AIA looks to strengthen its market-leading position with a larger, all-new office with a customer-centric design

Regional Chief Executive of AIA Group Tan Hak Leh (front C), CEO of AIA Singapore Patrick Teow (front 4th L) and AIA Brunei General Manager Kenneth Ling (front 4th R) with the AIA Brunei team during the official opening of their new office on September 11, 2019.

The Brunei branch of the world’s largest life insurance AIA has relocated to Pavo Point as it looks to strengthen its market-leading position with a larger, all-new office with a customer-centric design.

The expansion comes in tandem with the upcoming transfer of AIA’s business in Brunei from being a branch directly under AIA Company Limited – based in Hong Kong – to being a branch of AIA Singapore, in a move its management says will enhance operational efficiency.

The existing terms and conditions of policies issued by AIA Brunei will remain unchanged with the business transfer. AIA Singapore is a subsidiary of AIA Company Limited.

“With the transfer, AIA Brunei will be aligned with AIA Singapore’s legal and operational structure, thereby enhancing operational efficiencies,” said CEO of AIA Singapore Patrick Teow.

“This alignment will allow a streamlined approach in the region, so we can focus on better serving our customers’ needs. We remain committed to providing the same quality of services our customers in Brunei have enjoyed.”

AIA was one of the first insurance companies to set up in Brunei in 1957 and currently has over 22,000 policyholders owning 50,000 policies. Their new office takes up the fifth floor, and has their first full-service customer area along with an event room able to cater to public engagements and training for their 172 employees and agents.

AIA Brunei General Manager Kenneth Ling said the biggest shift in the industry has been the rise in popularity of investment and limited premium payment policies – where customers pay a higher premium over a shorter period to receive coverage over an extended period. Life insurance has traditionally been dominated by “whole of life” policies requiring more level premium payments for an extended duration with fairly fixed terms.

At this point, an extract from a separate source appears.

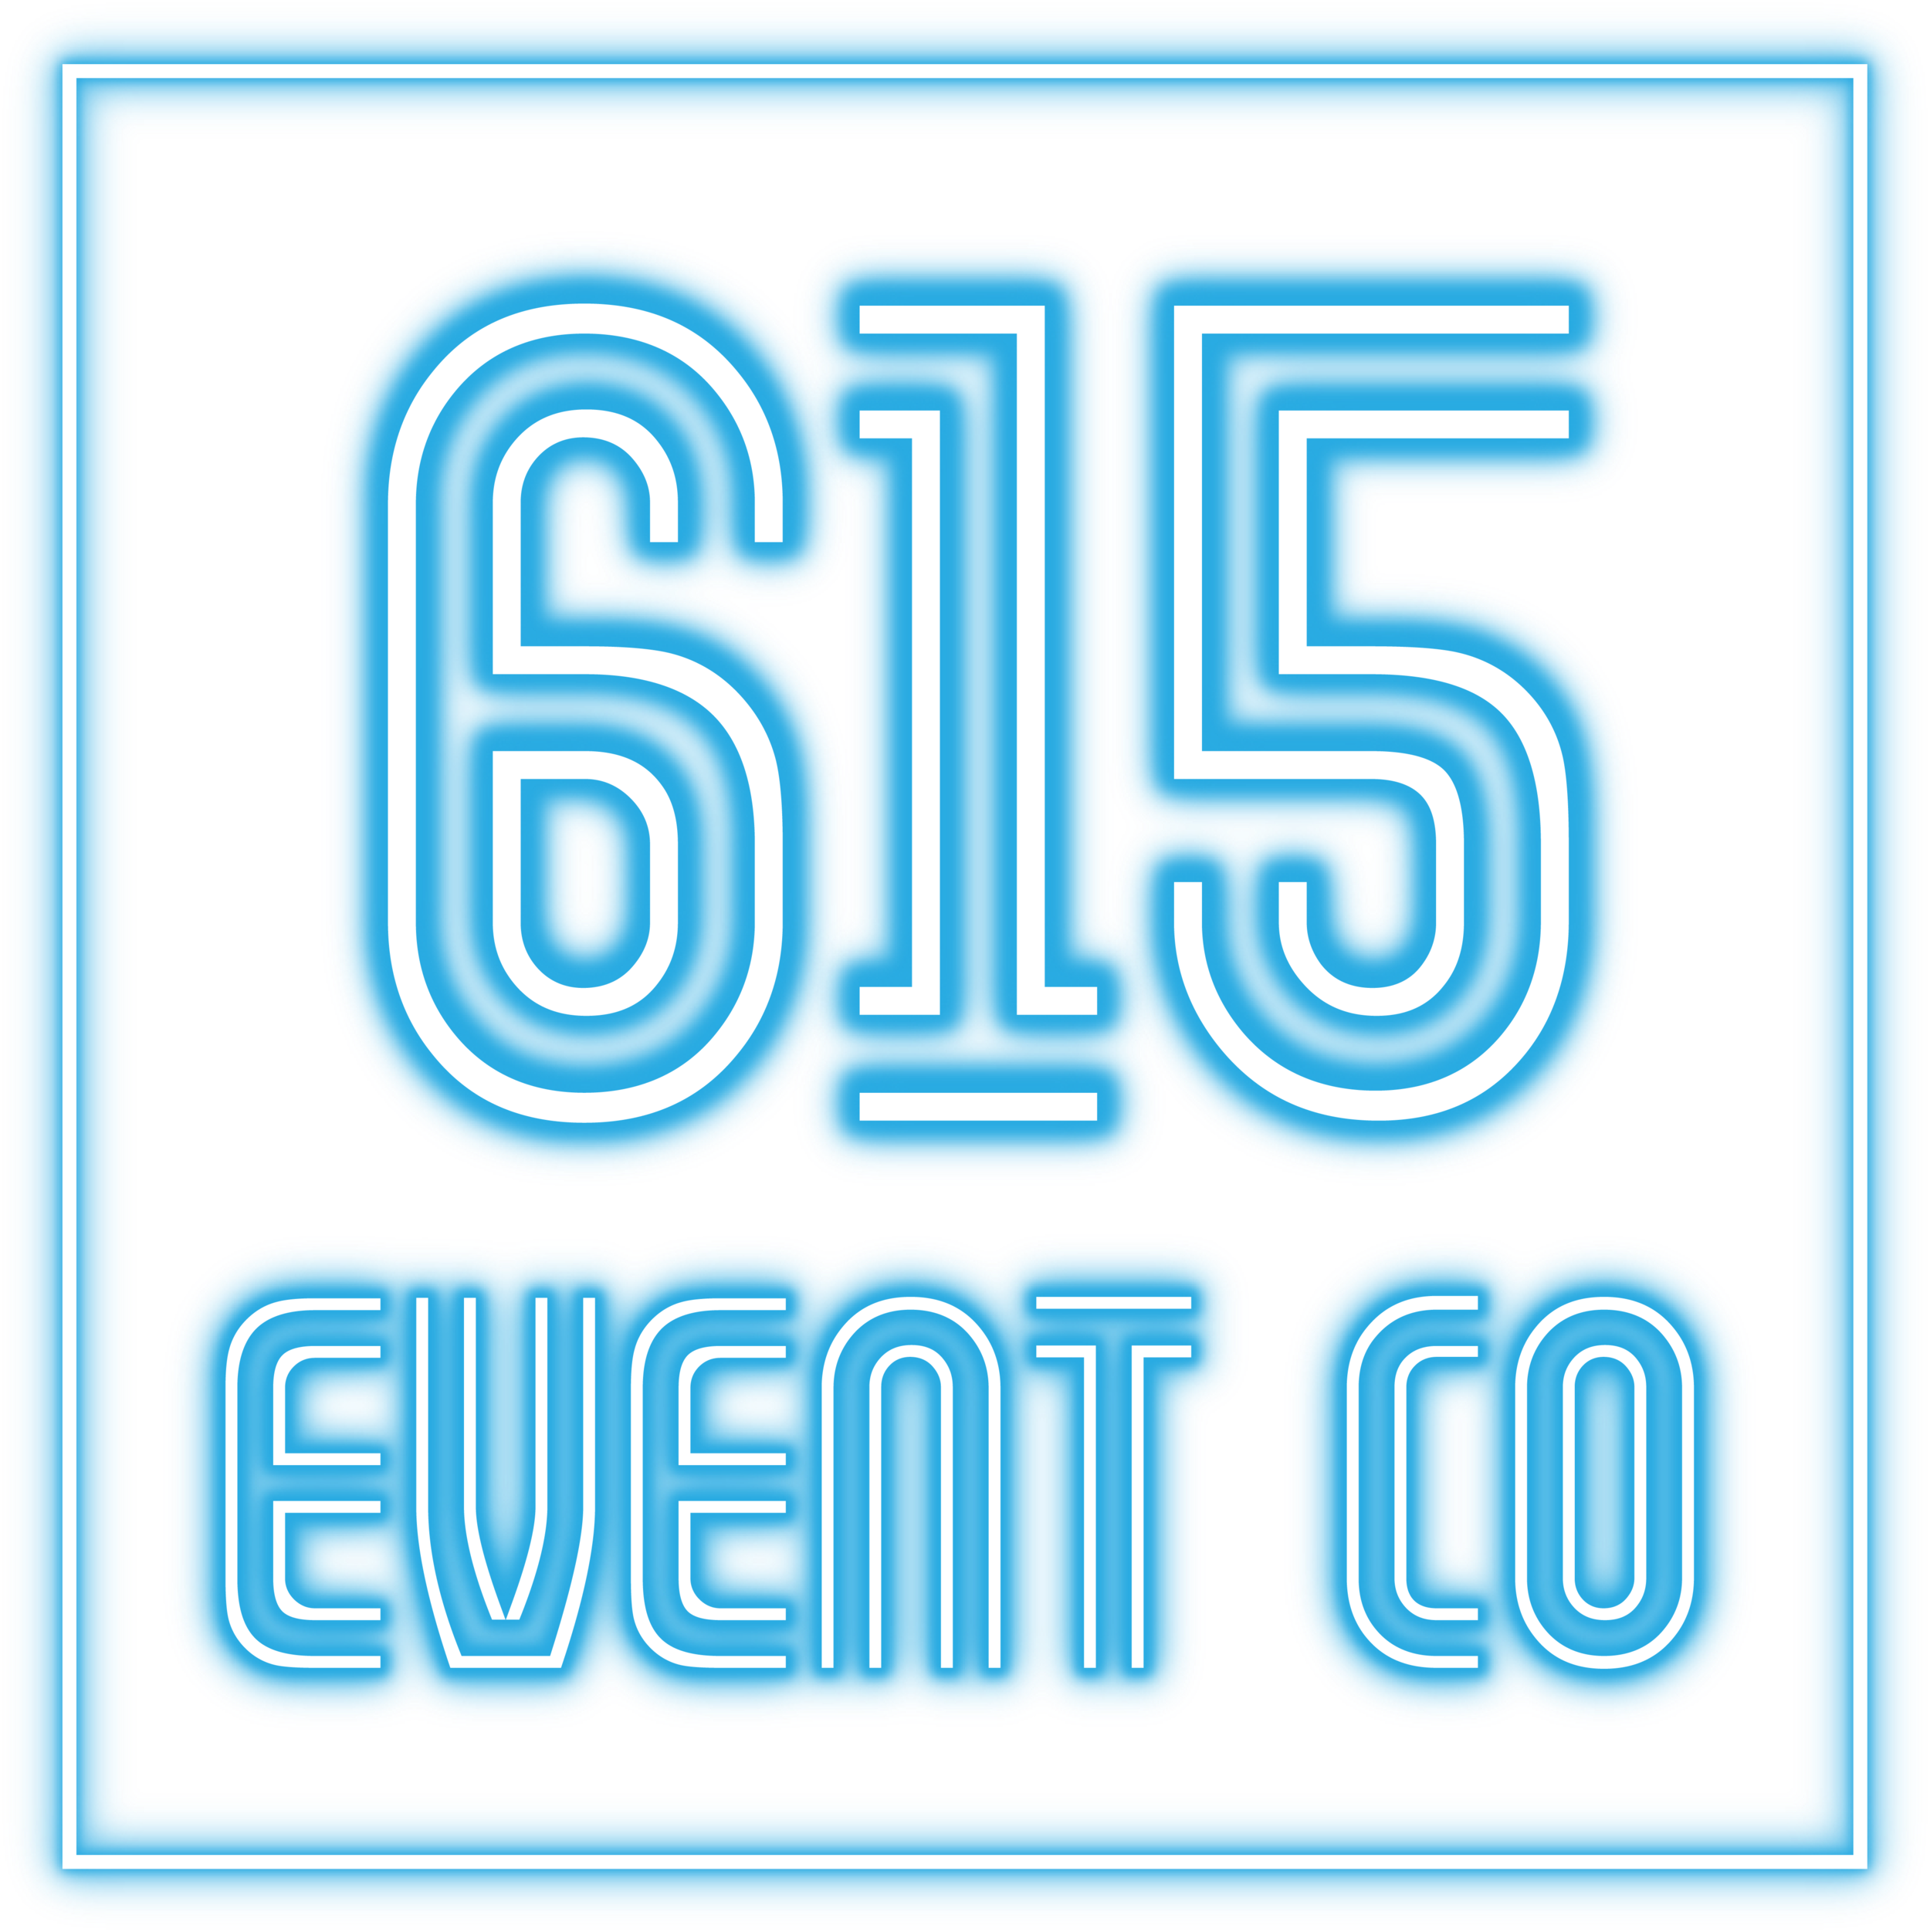  615 Event Co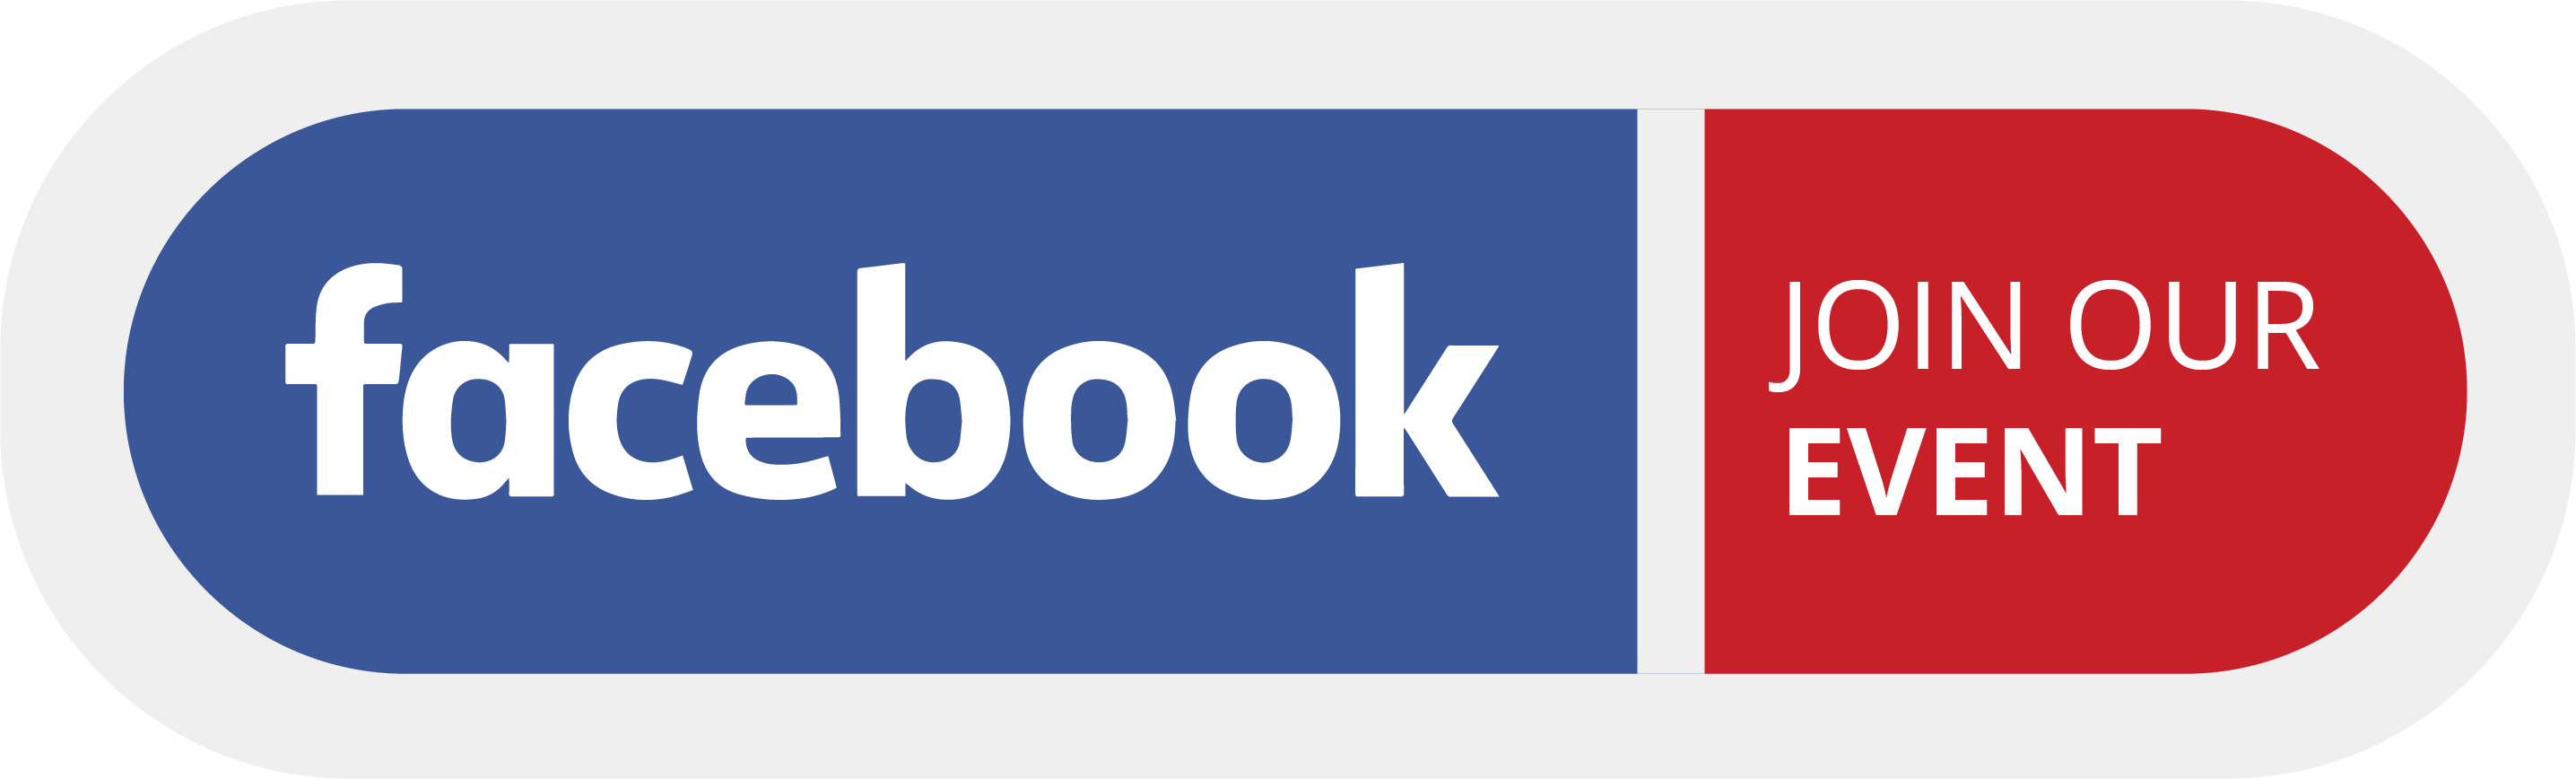 Facebook-Join-our-Event.png

“We (Brunei branch) have been operating for 62 years (and AIA approaching 100 years) and while whole of life and endowment (policies) remain popular we are the seeing the development of policies that can cater to different lifestyles, life stages and a fast-paced, changing world,” he said.

“Gone were the days where customers approached insurance (providers) who would just hand out a few fixed options. Today it is completely different; we need to do an analysis of your (financial) situation first; we ask what are your needs, budget and goals? Then we create a custom policy for you. And then we sit down with you annually, re-assess the situation; are you earning more or less? Do you have additional responsibilities? This is financial planning.”

Ling also said that there was still substantial ground for the company to cover in reaching new customer bases, describing the overall savings and investment culture in Brunei as still having “plenty of room” to grow.

“Many still do not know financial security; that (the amount for) expenses is what you have after income and savings have been deducted, and not the other way around,” he said. “In investment, many still do not know the power or measure of compound interest – such as the rule of 72 – of how long it will take your (initial) investment to double.”

AIA is the largest company listed on the Hong Kong Stock Exchange, serving the holders of 32 million policies across the Asia-Pacific.